#### PROMPT:
Exactly as written, repeat all of the records below.

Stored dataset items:
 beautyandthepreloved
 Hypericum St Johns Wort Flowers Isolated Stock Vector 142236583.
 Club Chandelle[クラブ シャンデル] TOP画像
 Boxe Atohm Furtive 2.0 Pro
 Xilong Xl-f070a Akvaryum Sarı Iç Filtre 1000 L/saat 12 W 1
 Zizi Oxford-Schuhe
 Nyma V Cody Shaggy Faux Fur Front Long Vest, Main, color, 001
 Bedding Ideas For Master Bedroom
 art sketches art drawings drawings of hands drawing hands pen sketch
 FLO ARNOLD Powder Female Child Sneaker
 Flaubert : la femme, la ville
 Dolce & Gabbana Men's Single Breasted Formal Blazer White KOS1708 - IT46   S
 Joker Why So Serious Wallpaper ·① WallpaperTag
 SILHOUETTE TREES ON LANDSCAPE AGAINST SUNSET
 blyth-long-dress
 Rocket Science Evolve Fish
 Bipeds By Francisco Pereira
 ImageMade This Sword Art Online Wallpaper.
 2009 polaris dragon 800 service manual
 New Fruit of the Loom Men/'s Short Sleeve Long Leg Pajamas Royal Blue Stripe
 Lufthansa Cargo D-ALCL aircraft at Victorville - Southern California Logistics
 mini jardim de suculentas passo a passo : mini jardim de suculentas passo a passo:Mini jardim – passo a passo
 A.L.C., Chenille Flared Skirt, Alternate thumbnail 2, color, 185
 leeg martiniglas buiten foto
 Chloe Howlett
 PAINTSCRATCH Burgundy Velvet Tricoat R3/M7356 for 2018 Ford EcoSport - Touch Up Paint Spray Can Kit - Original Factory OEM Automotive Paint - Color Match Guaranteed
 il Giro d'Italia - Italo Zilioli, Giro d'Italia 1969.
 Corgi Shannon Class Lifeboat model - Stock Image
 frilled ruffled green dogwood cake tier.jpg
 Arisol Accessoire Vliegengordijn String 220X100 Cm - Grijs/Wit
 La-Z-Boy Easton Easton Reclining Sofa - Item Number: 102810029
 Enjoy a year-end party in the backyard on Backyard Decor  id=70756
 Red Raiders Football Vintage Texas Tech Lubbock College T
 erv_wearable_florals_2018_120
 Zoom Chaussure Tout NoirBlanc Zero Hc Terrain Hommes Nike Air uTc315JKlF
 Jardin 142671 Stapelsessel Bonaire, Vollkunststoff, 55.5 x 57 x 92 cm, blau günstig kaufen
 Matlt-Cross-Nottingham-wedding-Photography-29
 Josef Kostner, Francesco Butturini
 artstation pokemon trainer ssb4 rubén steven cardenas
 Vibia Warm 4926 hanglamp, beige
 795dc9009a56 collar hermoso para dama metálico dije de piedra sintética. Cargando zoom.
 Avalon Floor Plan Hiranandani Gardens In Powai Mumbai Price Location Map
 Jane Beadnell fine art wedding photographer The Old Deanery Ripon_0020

#### EXERCISE RESULT:
 beautyandthepreloved
 Hypericum St Johns Wort Flowers Isolated Stock Vector 142236583.
 Club Chandelle[クラブ シャンデル] TOP画像
 Boxe Atohm Furtive 2.0 Pro
 Xilong Xl-f070a Akvaryum Sarı Iç Filtre 1000 L/saat 12 W 1
 Zizi Oxford-Schuhe
 Nyma V Cody Shaggy Faux Fur Front Long Vest, Main, color, 001
 Bedding Ideas For Master Bedroom
 art sketches art drawings drawings of hands drawing hands pen sketch
 FLO ARNOLD Powder Female Child Sneaker
 Flaubert : la femme, la ville
 Dolce & Gabbana Men's Single Breasted Formal Blazer White KOS1708 - IT46   S
 Joker Why So Serious Wallpaper ·① WallpaperTag
 SILHOUETTE TREES ON LANDSCAPE AGAINST SUNSET
 blyth-long-dress
 Rocket Science Evolve Fish
 Bipeds By Francisco Pereira
 ImageMade This Sword Art Online Wallpaper.
 2009 polaris dragon 800 service manual
 New Fruit of the Loom Men/'s Short Sleeve Long Leg Pajamas Royal Blue Stripe
 Lufthansa Cargo D-ALCL aircraft at Victorville - Southern California Logistics
 mini jardim de suculentas passo a passo : mini jardim de suculentas passo a passo:Mini jardim – passo a passo
 A.L.C., Chenille Flared Skirt, Alternate thumbnail 2, color, 185
 leeg martiniglas buiten foto
 Chloe Howlett
 PAINTSCRATCH Burgundy Velvet Tricoat R3/M7356 for 2018 Ford EcoSport - Touch Up Paint Spray Can Kit - Original Factory OEM Automotive Paint - Color Match Guaranteed
 il Giro d'Italia - Italo Zilioli, Giro d'Italia 1969.
 Corgi Shannon Class Lifeboat model - Stock Image
 frilled ruffled green dogwood cake tier.jpg
 Arisol Accessoire Vliegengordijn String 220X100 Cm - Grijs/Wit
 La-Z-Boy Easton Easton Reclining Sofa - Item Number: 102810029
 Enjoy a year-end party in the backyard on Backyard Decor  id=70756
 Red Raiders Football Vintage Texas Tech Lubbock College T
 erv_wearable_florals_2018_120
 Zoom Chaussure Tout NoirBlanc Zero Hc Terrain Hommes Nike Air uTc315JKlF
 Jardin 142671 Stapelsessel Bonaire, Vollkunststoff, 55.5 x 57 x 92 cm, blau günstig kaufen
 Matlt-Cross-Nottingham-wedding-Photography-29
 Josef Kostner, Francesco Butturini
 artstation pokemon trainer ssb4 rubén steven cardenas
 Vibia Warm 4926 hanglamp, beige
 795dc9009a56 collar hermoso para dama metálico dije de piedra sintética. Cargando zoom.
 Avalon Floor Plan Hiranandani Gardens In Powai Mumbai Price Location Map
 Jane Beadnell fine art wedding photographer The Old Deanery Ripon_0020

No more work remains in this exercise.